The models/ directory and *.gguf are ignored by Git. After downloading the file externally and installing optional llama-cpp-python, run:

.venv/bin/python -B scripts/check_llama_cpp_smoke.py \
  --model-path models/objectverse-diary-qwen15b-lora-v2-q4_k_m.gguf

A passing smoke test must show llama-cpp text generation and must not include text-fallback-to-mock in either generation or chat fallback markers.

Environment Variables

OBJECTVERSE_VISION_BACKEND=mock
OBJECTVERSE_TEXT_BACKEND=mock
VISION_MODEL_ID=
TEXT_MODEL_PATH=
TEXT_MODEL_REPO_ID=
TEXT_MODEL_FILENAME=
TEXT_MODEL_REVISION=
TRACE_OUTPUT_DIR=data/traces

For the live hosted Space, set these Variables:

OBJECTVERSE_VISION_BACKEND=minicpm-v
VISION_MODEL_ID=openbmb/MiniCPM-V-2_6
OBJECTVERSE_TEXT_BACKEND=mock

Recommended Space hardware for this path is ZeroGPU zero-a10g.

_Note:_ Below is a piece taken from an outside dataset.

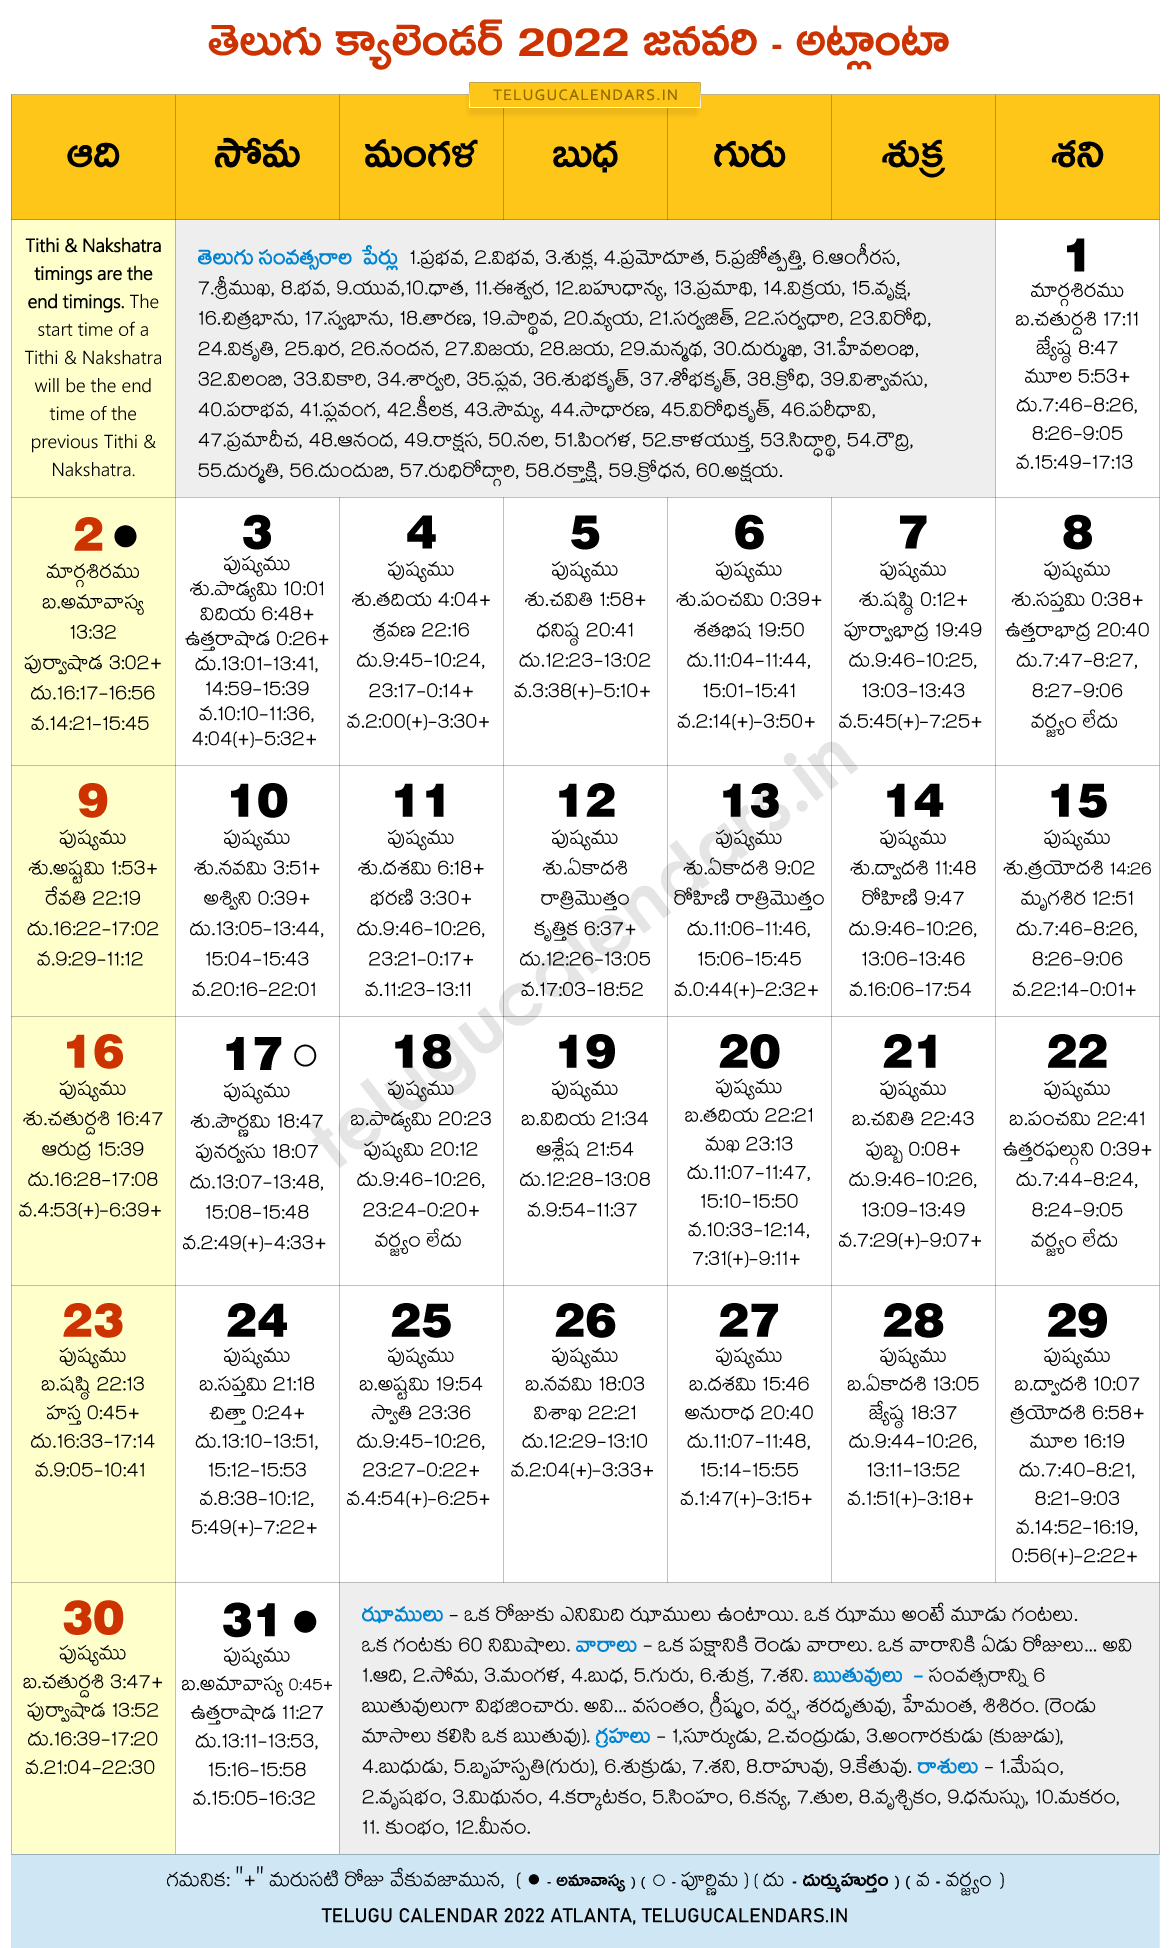 Usa 2022 Telugu Calendar January Archives - 2022 Telugu Calendar Pdf

If live validation fails, use the rollback command in docs/DEVELOPMENT_STATUS.md to switch OBJECTVERSE_VISION_BACKEND back to mock and request cpu-basic.

For a Space or local runtime with a separately provided GGUF text model, set:

OBJECTVERSE_TEXT_BACKEND=llama-cpp
TEXT_MODEL_PATH=/absolute/path/to/text-model.gguf

For a Space runtime that should download the published LoRA v2 GGUF from Hub, set:

OBJECTVERSE_VISION_BACKEND=mock
OBJECTVERSE_TEXT_BACKEND=llama-cpp
TEXT_MODEL_REPO_ID=qqyule/objectverse-diary-qwen15b-lora
TEXT_MODEL_FILENAME=objectverse-diary-qwen15b-lora-v2-q4_k_m.gguf

Do not commit GGUF files or private model paths.

Future Runtime Boundary

The next implementation phase should keep the same pipeline boundary:

  1. UI calls src/pipeline.py.
  2. src/pipeline.py calls the configured vision and text runners.
  3. runners return validated Pydantic schemas.
  4. trace logging records backend metadata and fallback markers.

Do not move model calls into src/ui/layout.py.

Fallback Rules

  • VLM unavailable: use manual description and mock/example gallery path.
  • llama.cpp unavailable: use mock text generation path and record text-fallback-to-mock.
  • invalid model JSON: repair and validate before rendering, then fall back to mock if validation fails.
  • private input: anonymize trace text before saving public traces.

Trace fallback markers:

  • mock-runtime: default mock vision and mock text runtime.
  • mock-text-runtime: real or configured vision path with mock text generation.
  • mock-vision-runtime: mock vision with a configured non-mock text backend.
  • vision-fallback-to-mock: MiniCPM-V failed or returned invalid JSON, so mock object understanding was used.
  • text-fallback-to-mock: llama.cpp was configured but unavailable, invalid, or unable to return schema-valid JSON.